Но возвращаться была уже поздно – Бейла была беременна от старого Ма Фаня…

Через девять месяцев родился у нее сынок. Ребенок был весь беленький, с черными волосами и с голубыми, как у Бейлы, глазами. Ма Фань от радости словно с ума сошел. Целыми днями он не спускал мальчика с рук, назвал его Бао-Бао, Сокровище, играл с ним, пел ему песни тихим голосом, помолодел на десять лет.

Две старшие жены, со своими желтыми, ужасными, похожими на пауков отпрысками, вмиг отошли на задний план, потеряли все свои права, должны были теперь во всем подчиняться Бейле и прислуживать ей. Не их дети, а Бао-Бао теперь стал законным наследником всей собственности Ма Фаня, о чем он и объявил торжественно при первой же возможности.

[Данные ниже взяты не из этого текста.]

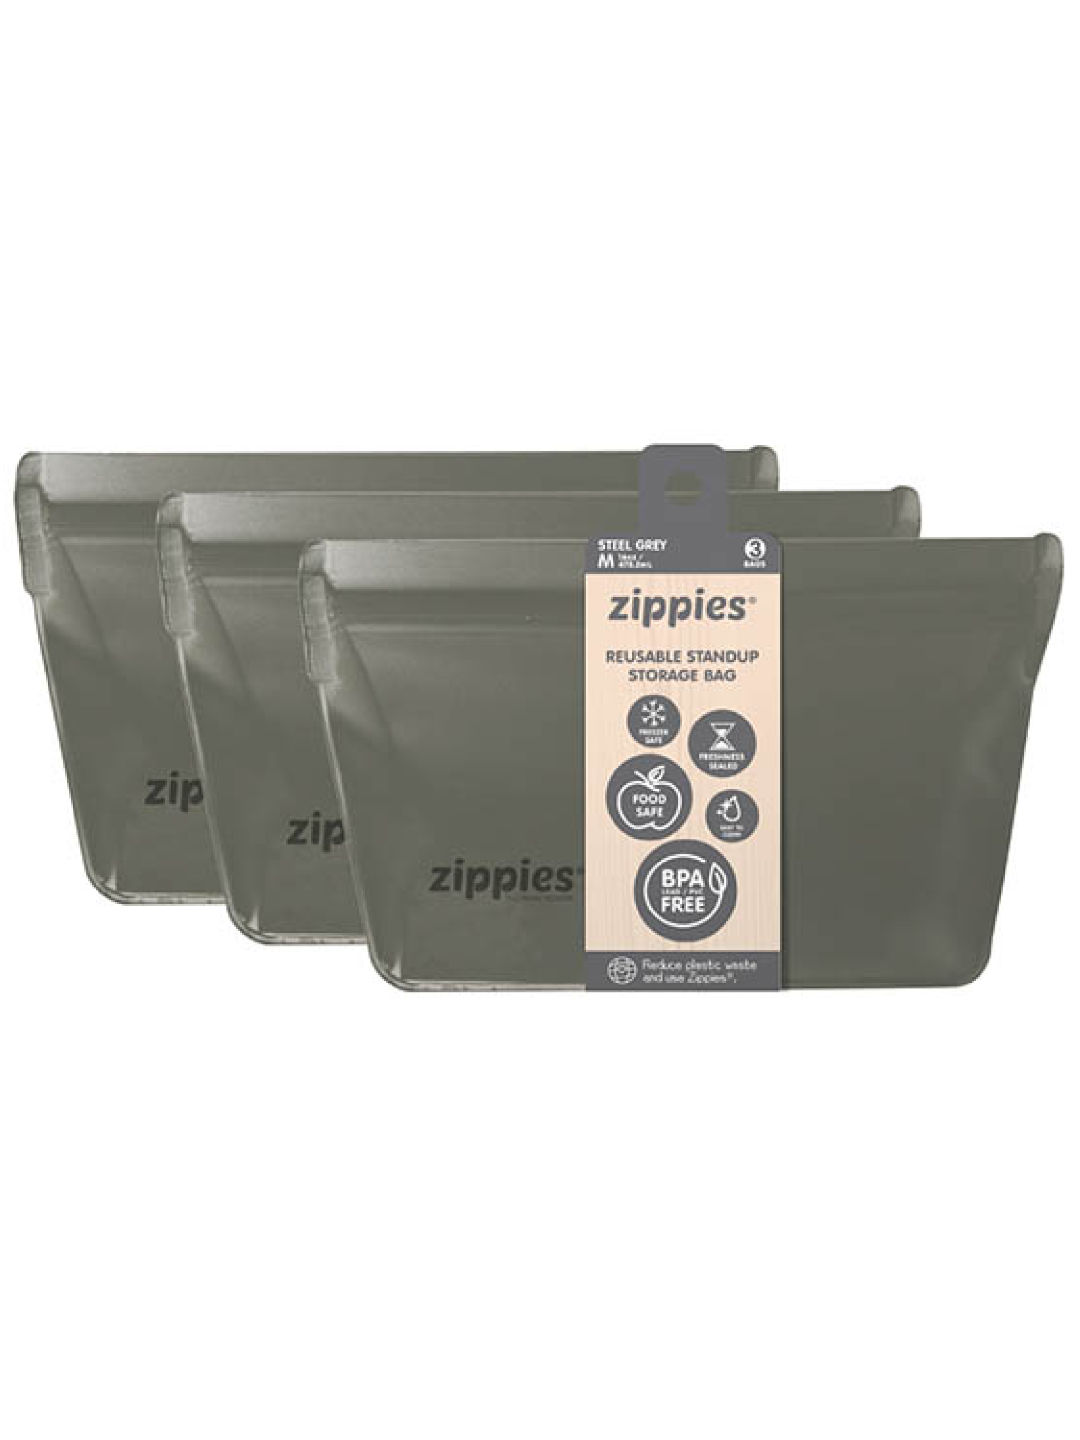 Zippies Reusable Standup Storage Bags Medium (Bundle of 3)- Steel Grey series

И Бейла словно заново родилась. Она будто забыла обо всем – и о ста тринадцати рублях, и о пальце, воткнутом в ключицу, даже о родителях своих забыла. Помнила только об одном маленьком Иосифе, которого Ма Фань звал Сокровищем, а она не возражала, она ведь знала, как на самом деле зовут мальчика. Он тянул к ней ручки, улыбался, смотрел необыкновенным глубоким взглядом – это было настоящее чудо. И такой он был маленький, теплый, беззащитный, что Бейла каждую секунду умирала от любви к нему, сердце в ней замирало и снова начинало стучать от радости и восторга.

Но счастье длилось недолго. Однажды утром, подойдя к люльке, Бейла увидела, что драгоценный ее сынок не открывает глазок. Она взяла его на руки и увидела, что кожа его, нежная белая кожа, помертвела и стала синюшной. Бейла в ужасе закричала и прижала Иосифа к груди – и почувствовала, каким он стал холодным и твердым…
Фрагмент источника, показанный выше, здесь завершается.